(WHAT YOU SHOULD DO):
With the exception of the pictures, write out the data below precisely.

(DATA BLOCK):
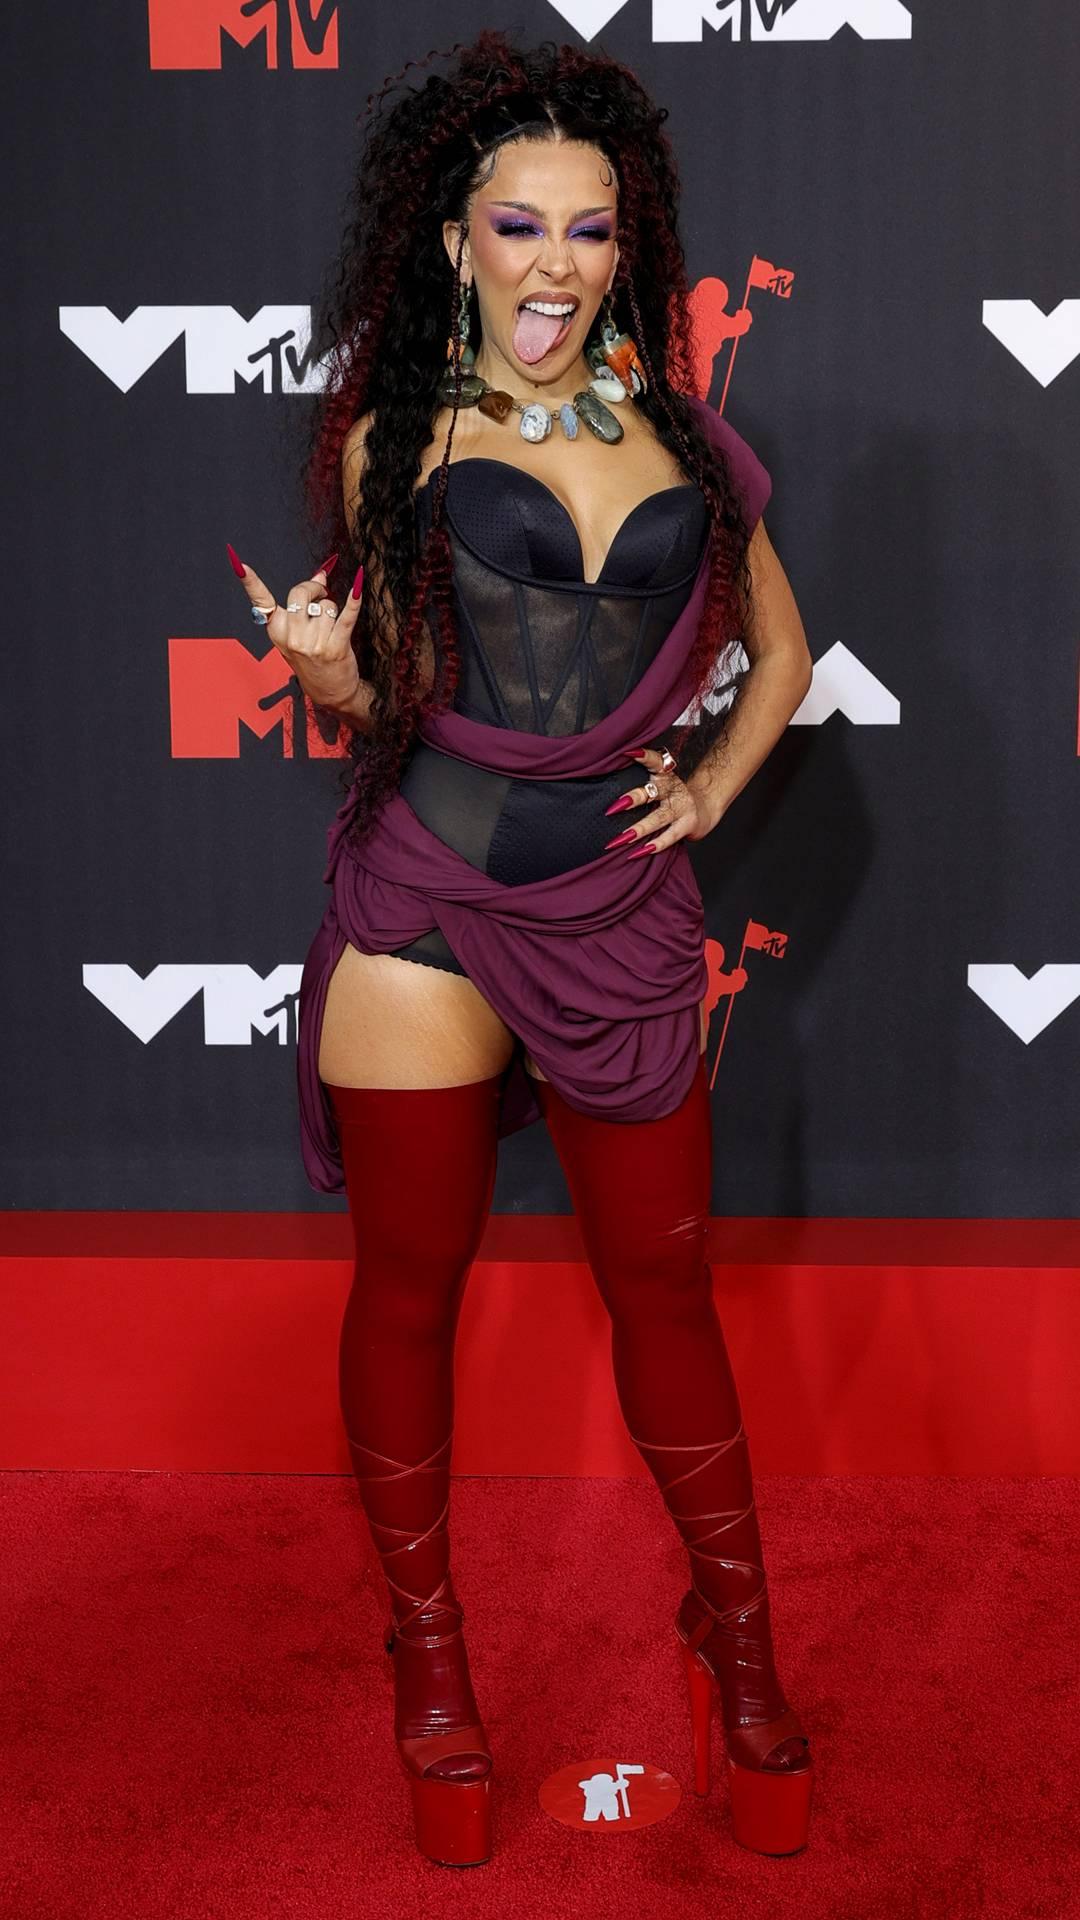 MTV Video Music Awards 2021 | The Best of the VMAs 2021 Red Carpet | Doja Cat | 1080x1920
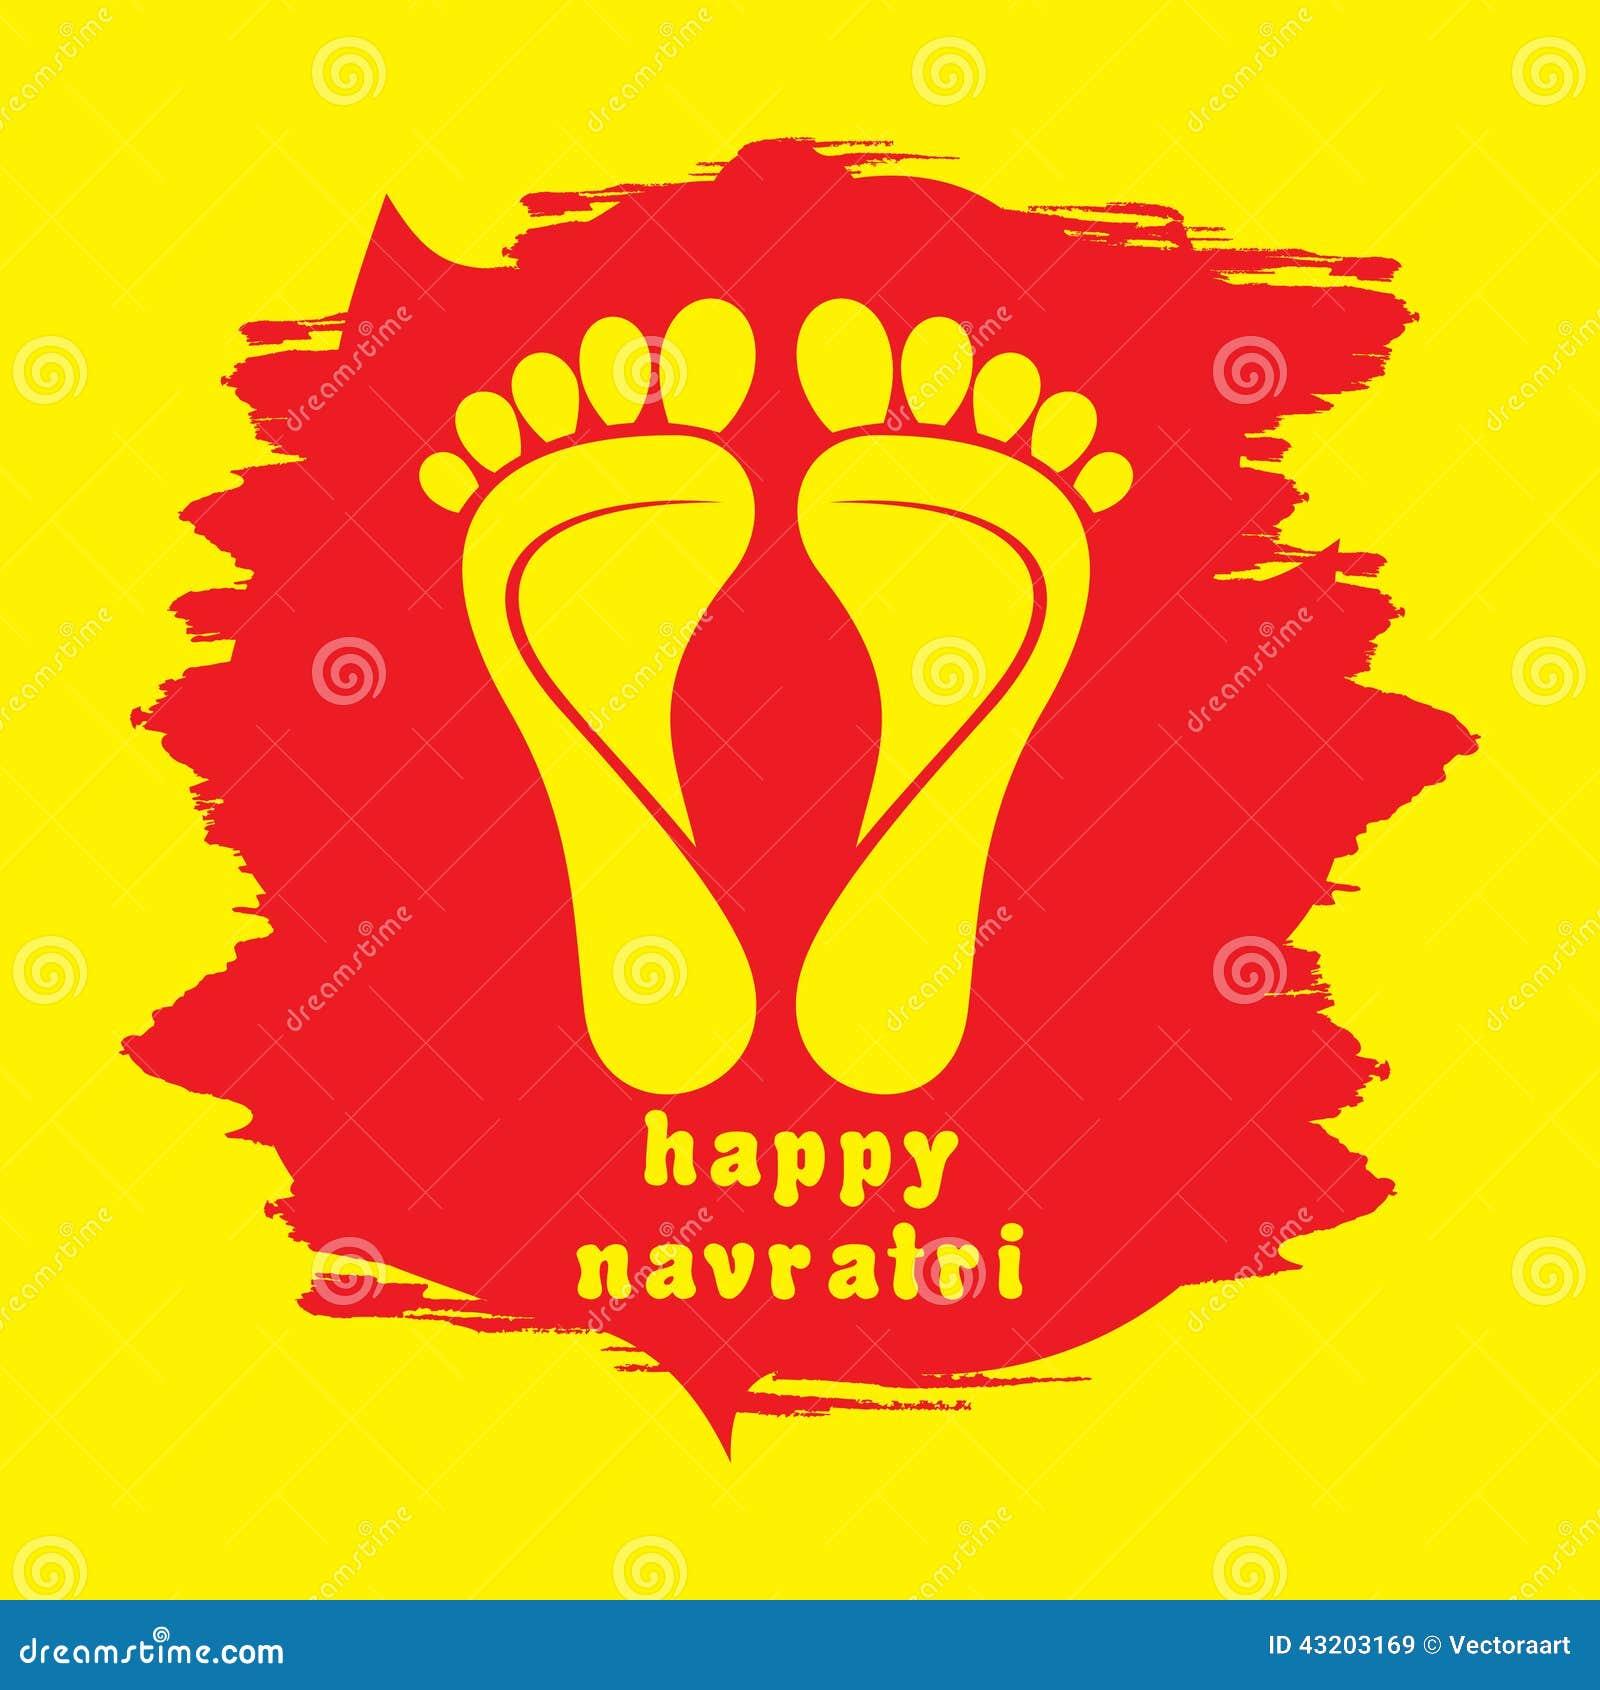 Happy diwali or navratri festival greeting card stock vector happy diwali or navratri festival greeting card kristyandbryce Choice Image
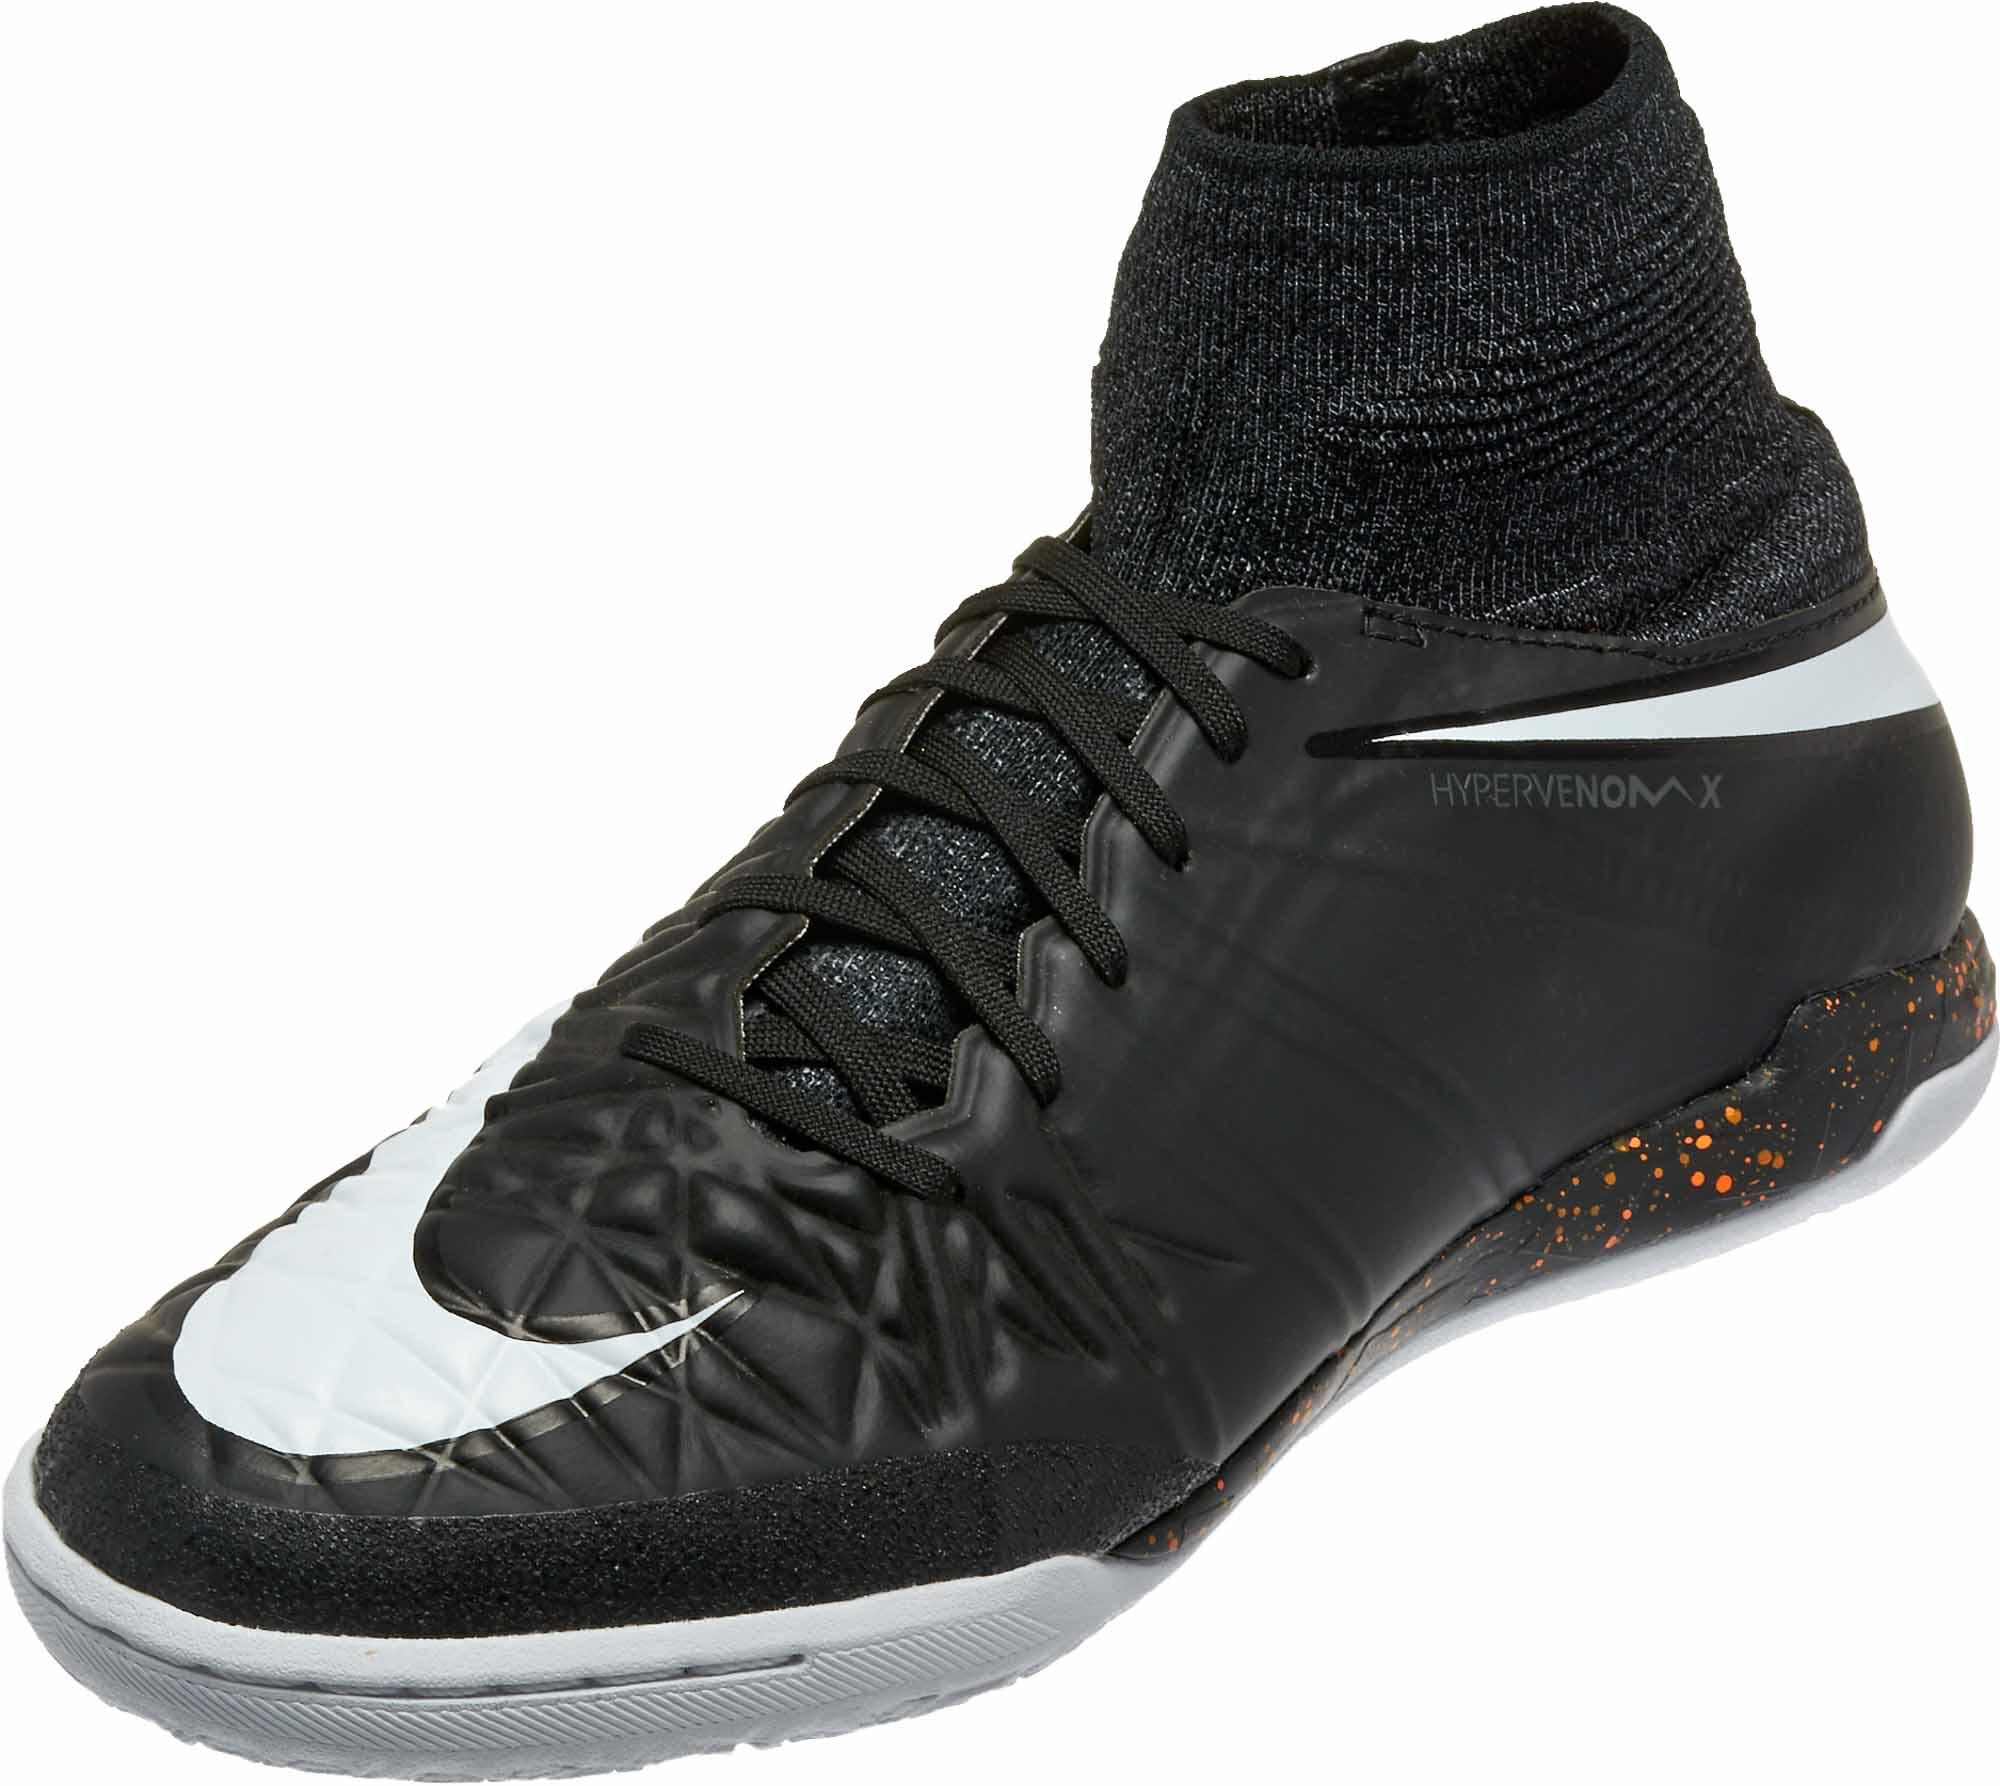 4ffe4cc94f5 Nike Youth HypervenomX Proximo Street - Kids Nike IC Soccer Shoes

(SOLUTION TO THE PROBLEM):
 MTV Video Music Awards 2021 | The Best of the VMAs 2021 Red Carpet | Doja Cat | 1080x1920
 Happy diwali or navratri festival greeting card stock vector happy diwali or navratri festival greeting card kristyandbryce Choice Image
 4ffe4cc94f5 Nike Youth HypervenomX Proximo Street - Kids Nike IC Soccer Shoes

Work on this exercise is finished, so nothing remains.